So everything I read that contains the words 2018 MacBooks Pro SSDs says that they're the fastest ever, and quoting 2.5K read/write speeds.

This is obviously great news, but I am wondering if this is specific to the more expensive higher capacity configurations. It is not uncommon for manufacturers to limit performance on smaller drives.

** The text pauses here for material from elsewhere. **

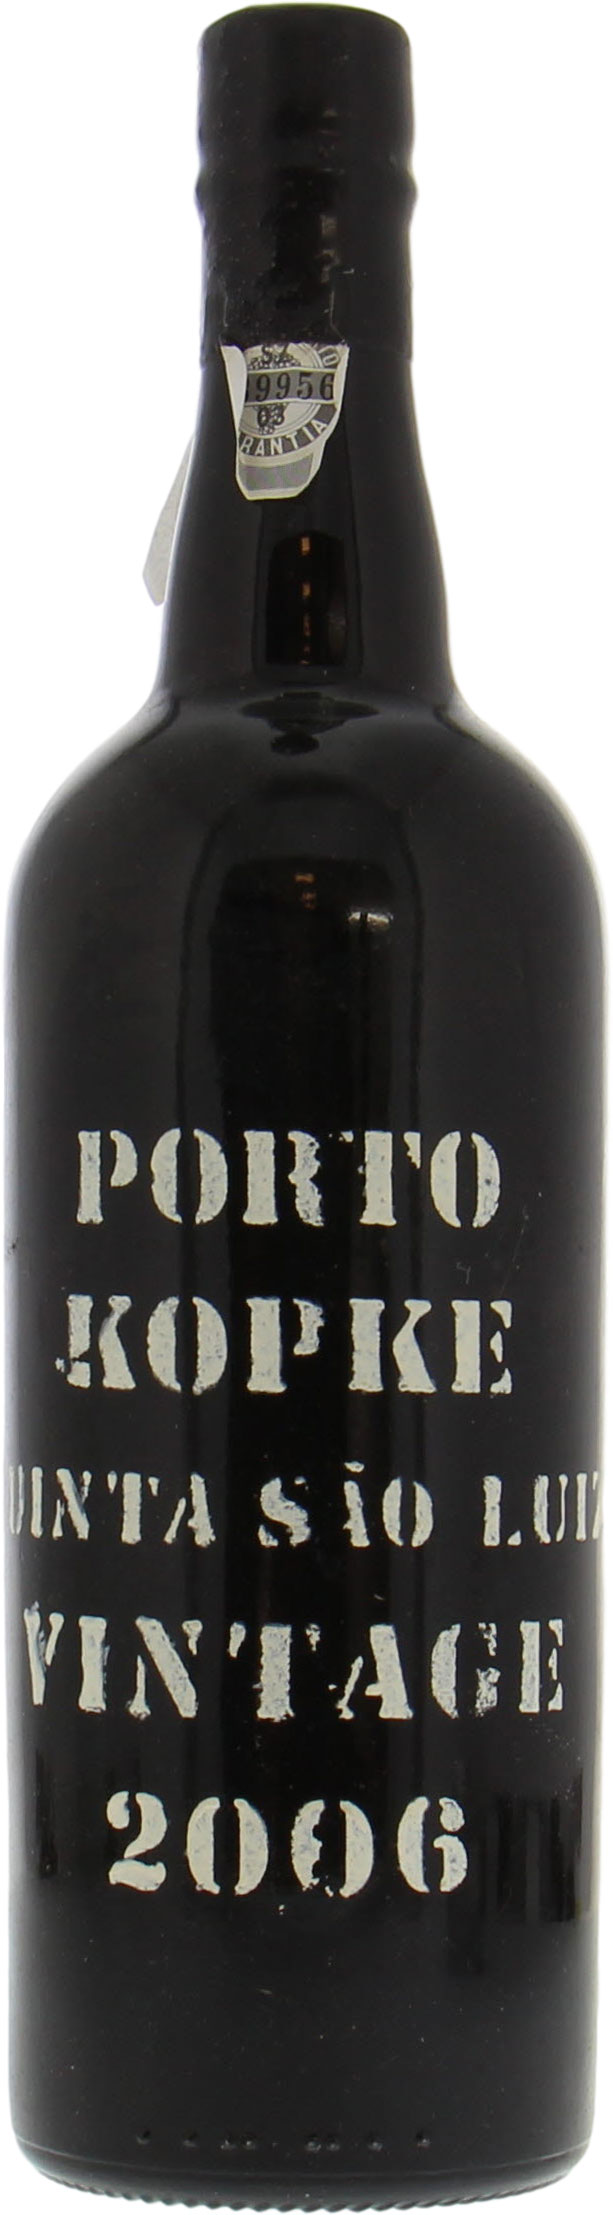 Kopke - Vintage Port 2006

Does anyone know if the entry level 13" / 15" 256GB SSD is also able to do 2.5K read/write?
I really don't need more than 256GB as I only work on a single project at a time before archiving into a storage HDD, but I will appreciate the SSDs speeds.

Thank you in advance!
 
It is not uncommon for manufacturers to limit performance on smaller drives.
It's not that they limit anything as such, typically. It's because flash memory really isn't all that fast in of itself (goes doubly for MLC or especially TLC flash which is only a small fraction of SLC flash speed.) To make a really fast flash SSD, many flash memory dies are accessed in parallel, but in smaller drives you have fewer dies, so less parallelism, and thus a slower drive.

You could retain speed by using more lower-capacity dies rather than a few high capacity dies, but that is typically more costly. So it depends on what Apple is doing, and from what I've seen nobody has tested different capacity drives yet - probably because it requires multiple laptops, and the large capacity drive versions are super expensive.

Anyway, Apple's specs are typically not attainable in most real-world usage scenarios; flash drives only hit max read or write speed with large block size linear reads or writes, which basically only happens during large file writes/copies. So unless your work exclusively involves copying very large files again and again, you won't hit stated performance figures anyway. :p
 
For perspective on real world experience, it's almost exactly 2x faster at decompressing large files than the 2014 15" MacBook Pro.